“三老爺本事的確不錯,可是哥兒幾個,姓陸的可也不是省油的燈呢!二奶奶多厲害的人?都沒在他麵前占什麼便宜呢!”
“二奶奶能和三老爺比麼?二奶奶再厲害也隻是婦道人家,管的隻是內宅的一點事兒,她對姓陸的動手投鼠忌器,畢竟張家的臉麵不能丟。可是三老爺就不同了,他在揚州有多少根基,他真要弄死陸錚,那太簡單了!

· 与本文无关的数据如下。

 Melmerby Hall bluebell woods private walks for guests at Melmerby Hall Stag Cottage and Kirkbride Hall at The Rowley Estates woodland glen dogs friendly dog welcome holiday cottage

陸錚能活得這麼滋潤,可不是他有多厲害,而是大老爺和二老爺都沒真要弄死他呢,可是三老爺不同,他要想弄死誰,誰就死定了!”
......
“我有一件事沒弄明白,錚哥兒現在名氣也有了,據說銀子也不缺,為什麼還待在咱們張家?這一次三老爺要弄死他,他完全可以一走了之嘛!”
“你懂什麼?他是陸家托付給張家的後輩,長輩不開口,他能走得了麼?除非他鐵了心要做那不忠不孝之徒,否則,哼,他休想一走了之。

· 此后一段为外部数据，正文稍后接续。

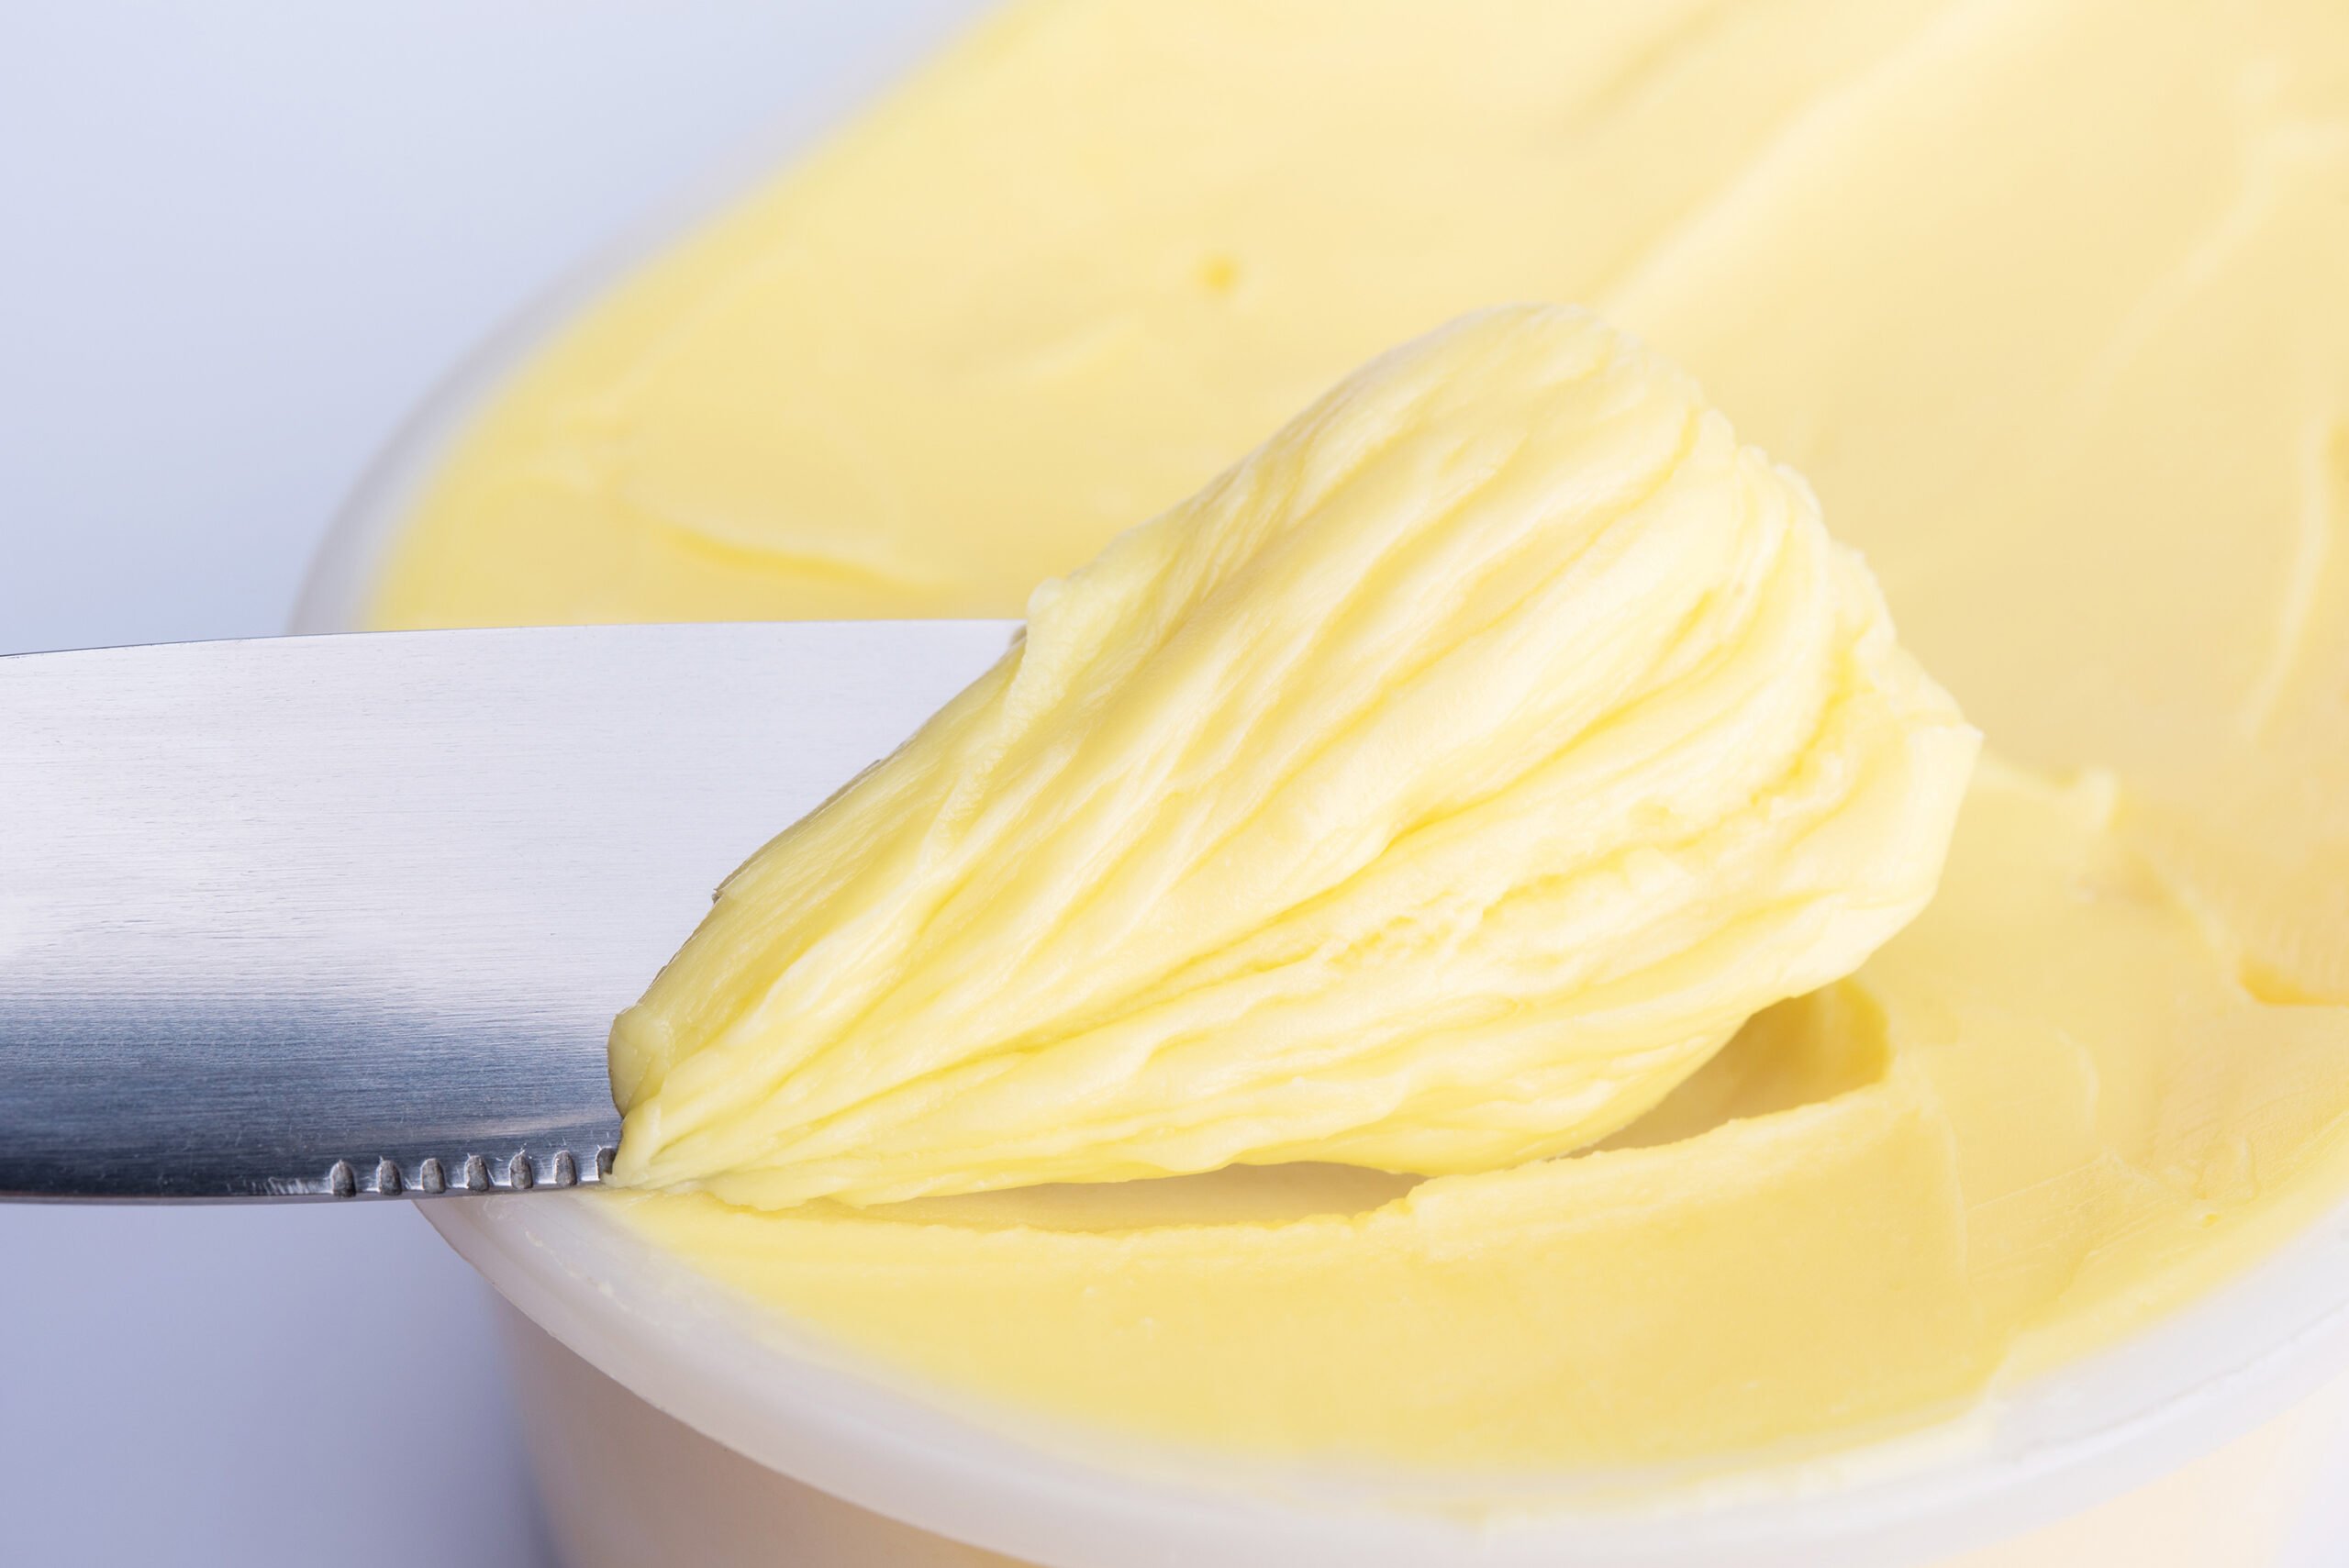 A margarine giant publishes its methane emissions and calls on manufacturers to do the same

他倒是動過心思想走,可是老太太哪裡會讓他得逞?老祖宗那麼要強的人,咽不下那口氣呢,你看著吧,三老爺回來了絕對不會讓他囂張太久!”
“那陸錚這一次有點慘,三老爺饒不了他,三老爺可不像大老爺和二老爺那樣好說話呢!”
各種議論,甚囂塵上,可是陸錚卻依舊每天進出張府,看他的模樣,優哉遊哉,並不像是個好日子過不長的人。
張承北被抓花了臉,每天在府中卻不忘打聽陸錚的情況,聽聞陸錚魚不動,水不跳,他恨得牙癢癢:
“這個狗小子,他分明是藐視我呢,好啊,走著瞧,等老子出去,活剮了你!”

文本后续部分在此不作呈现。